• Recorded data
_ _ _ _

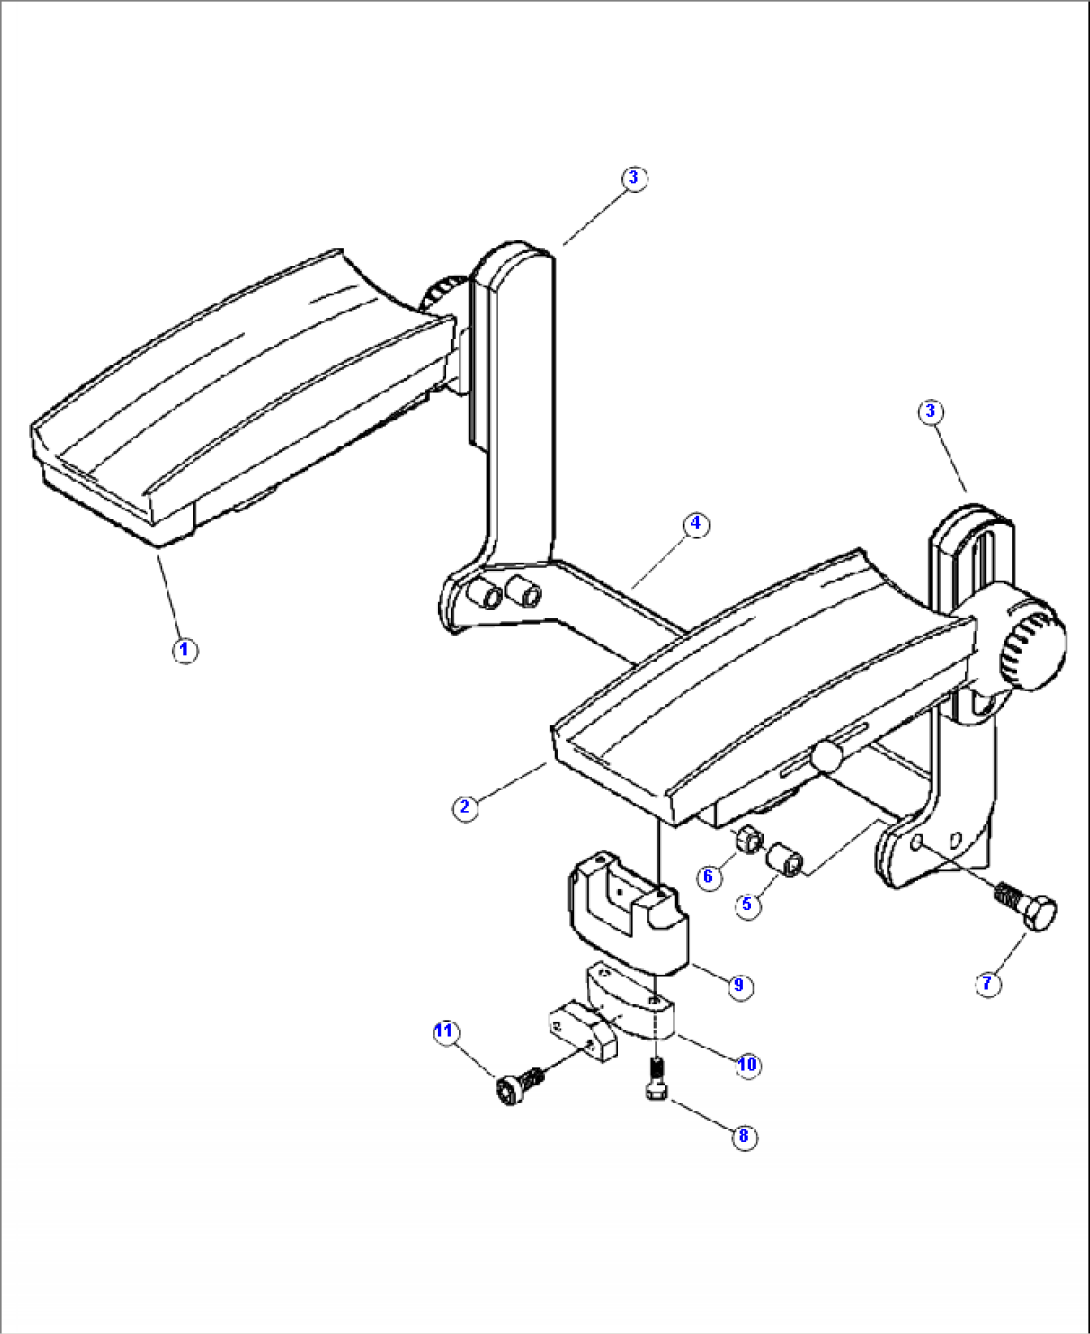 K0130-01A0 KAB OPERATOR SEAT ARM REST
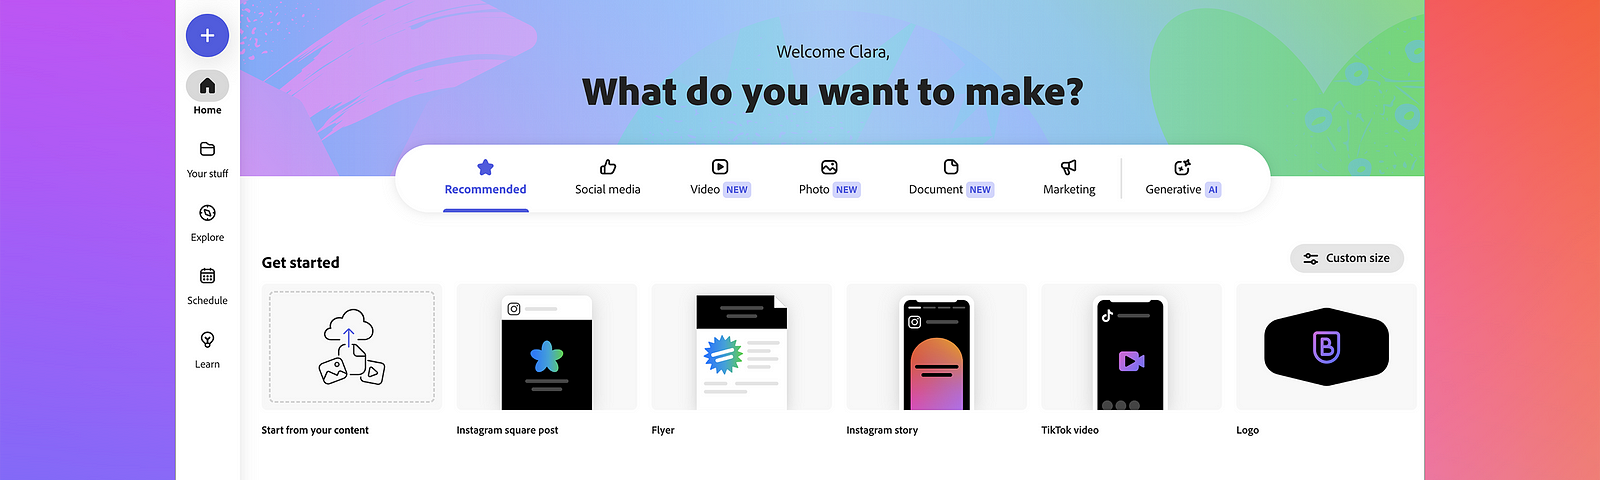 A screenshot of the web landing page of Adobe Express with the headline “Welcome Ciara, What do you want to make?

_ _ _ _

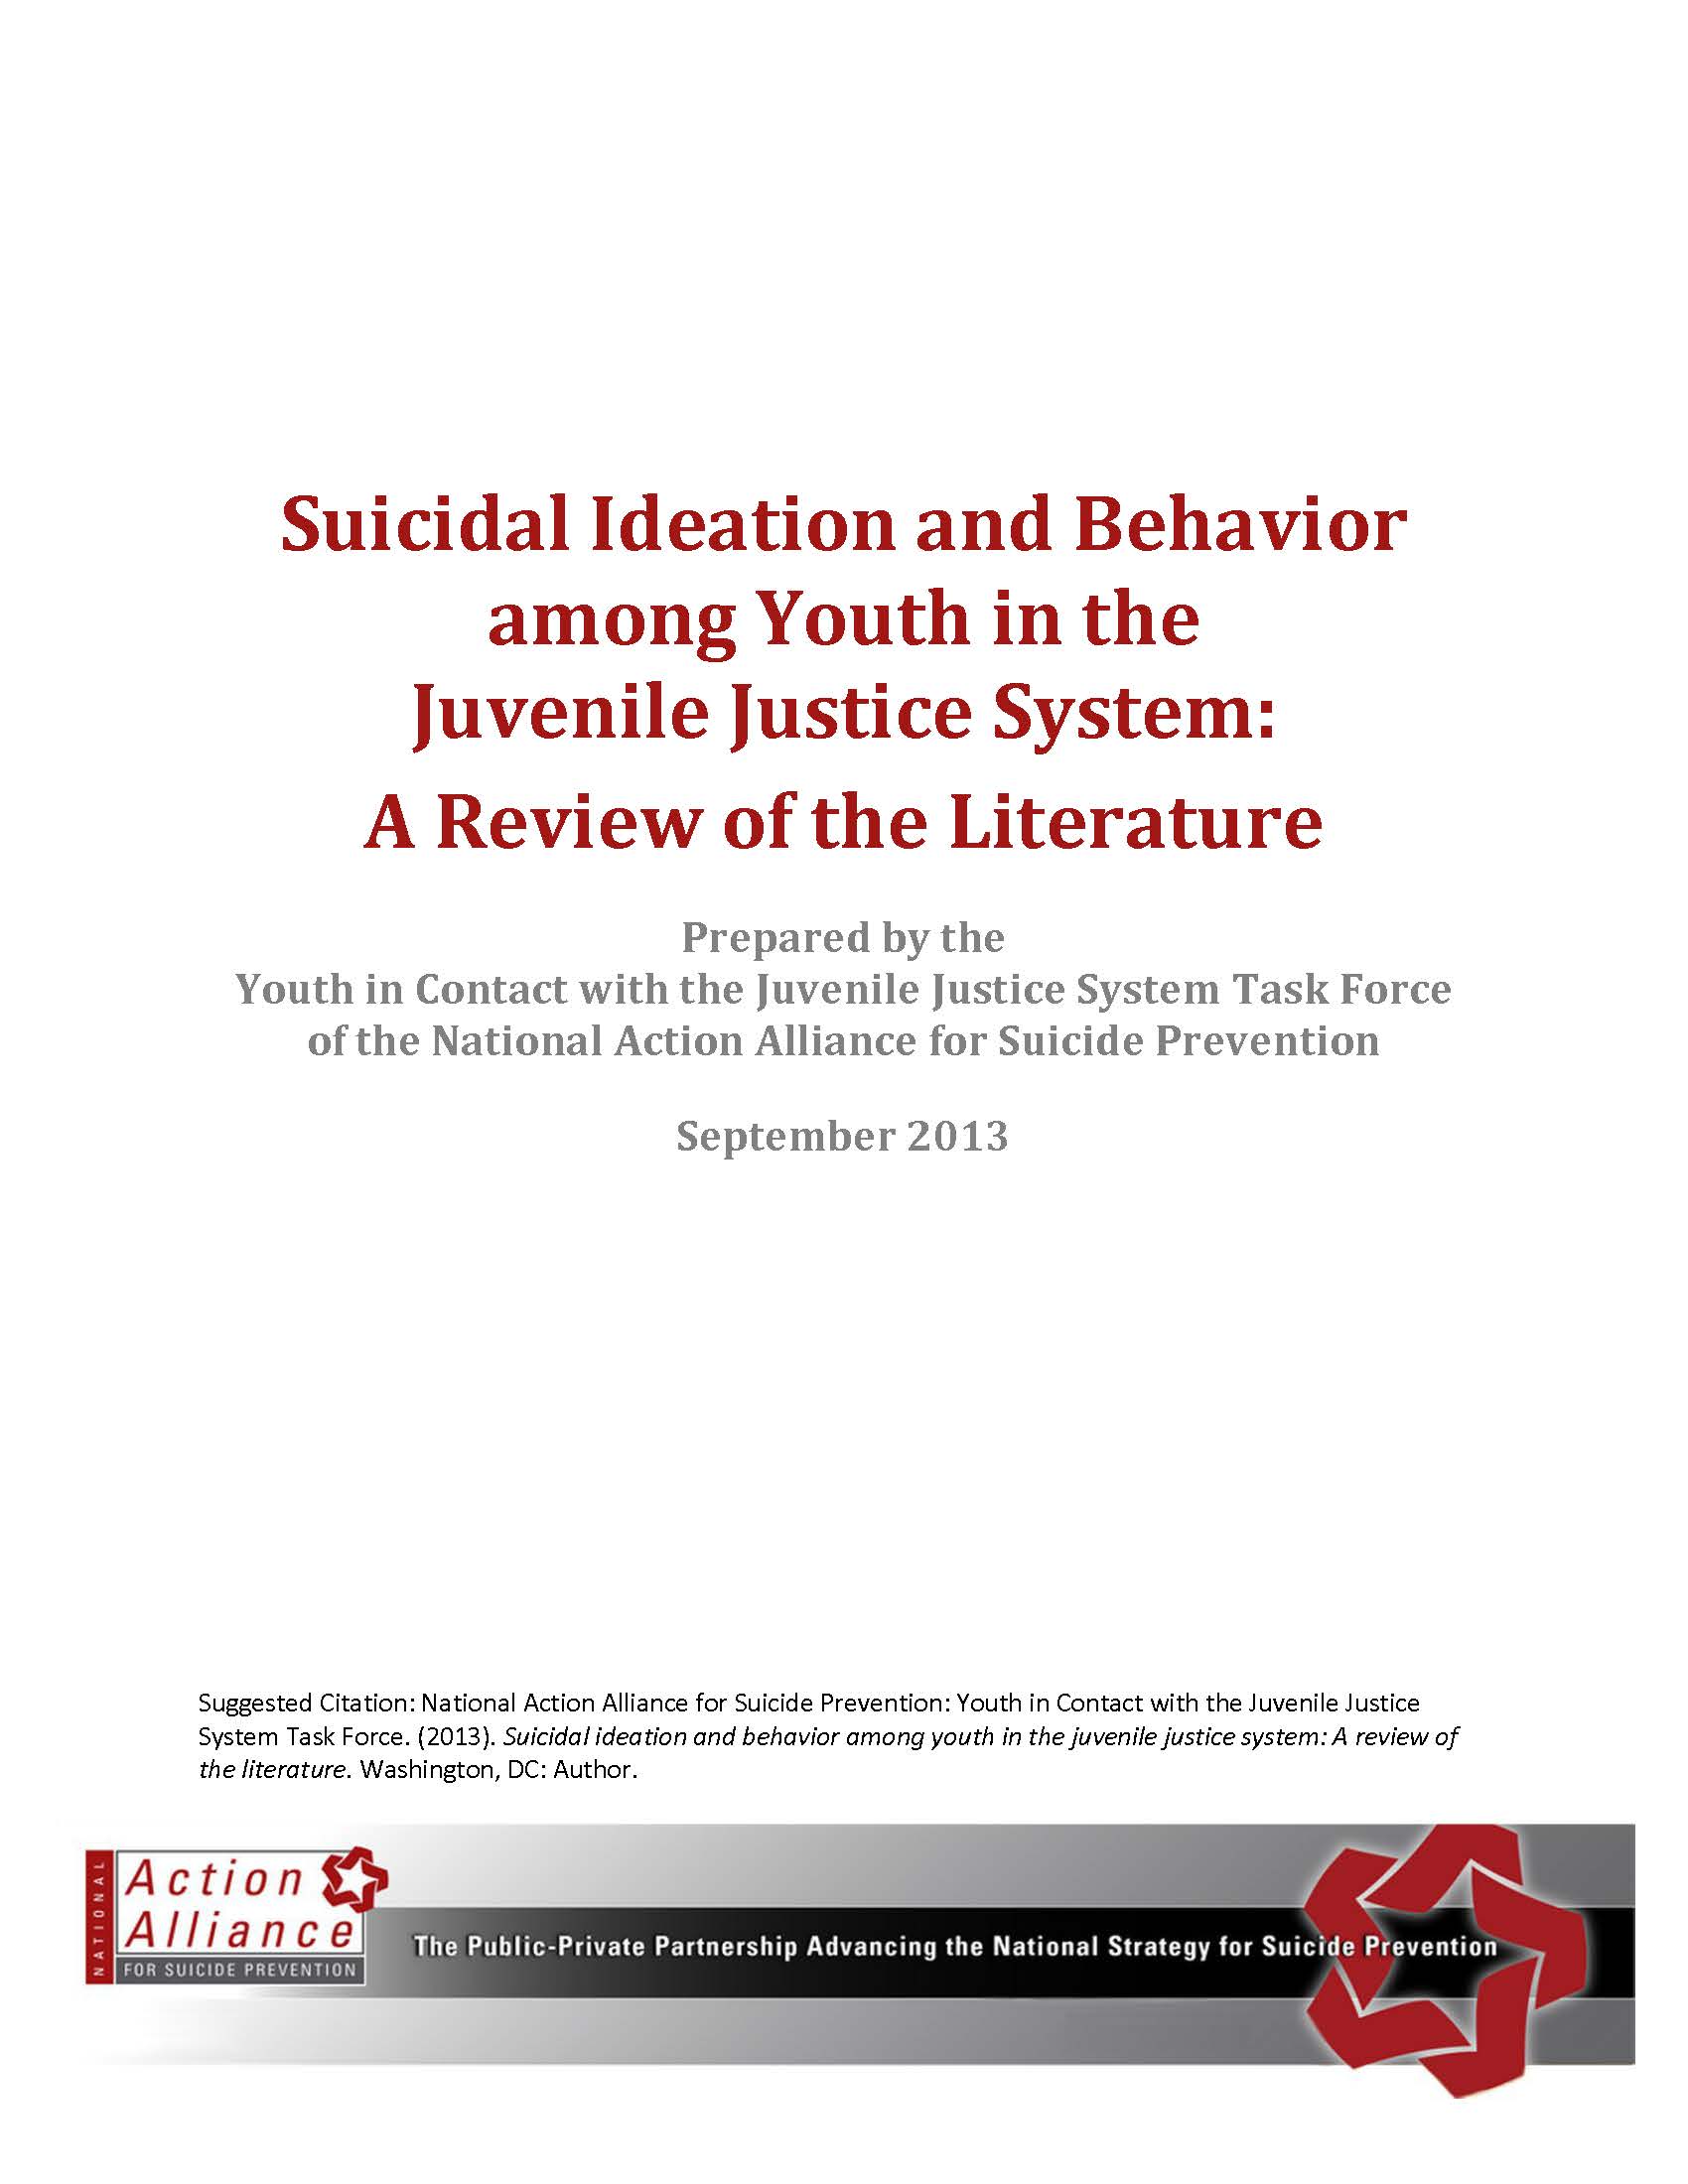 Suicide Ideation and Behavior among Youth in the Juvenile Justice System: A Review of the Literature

_ _ _ _

• Exercise aim
Going by the data above, give back only the lines from the one containing "K0130-01A0 KAB OPERATOR SEAT ARM REST" through the one containing "A screenshot of", exactly as they stand, both ends included and no images.

• Solution to this problem
 K0130-01A0 KAB OPERATOR SEAT ARM REST
 A screenshot of the web landing page of Adobe Express with the headline “Welcome Ciara, What do you want to make?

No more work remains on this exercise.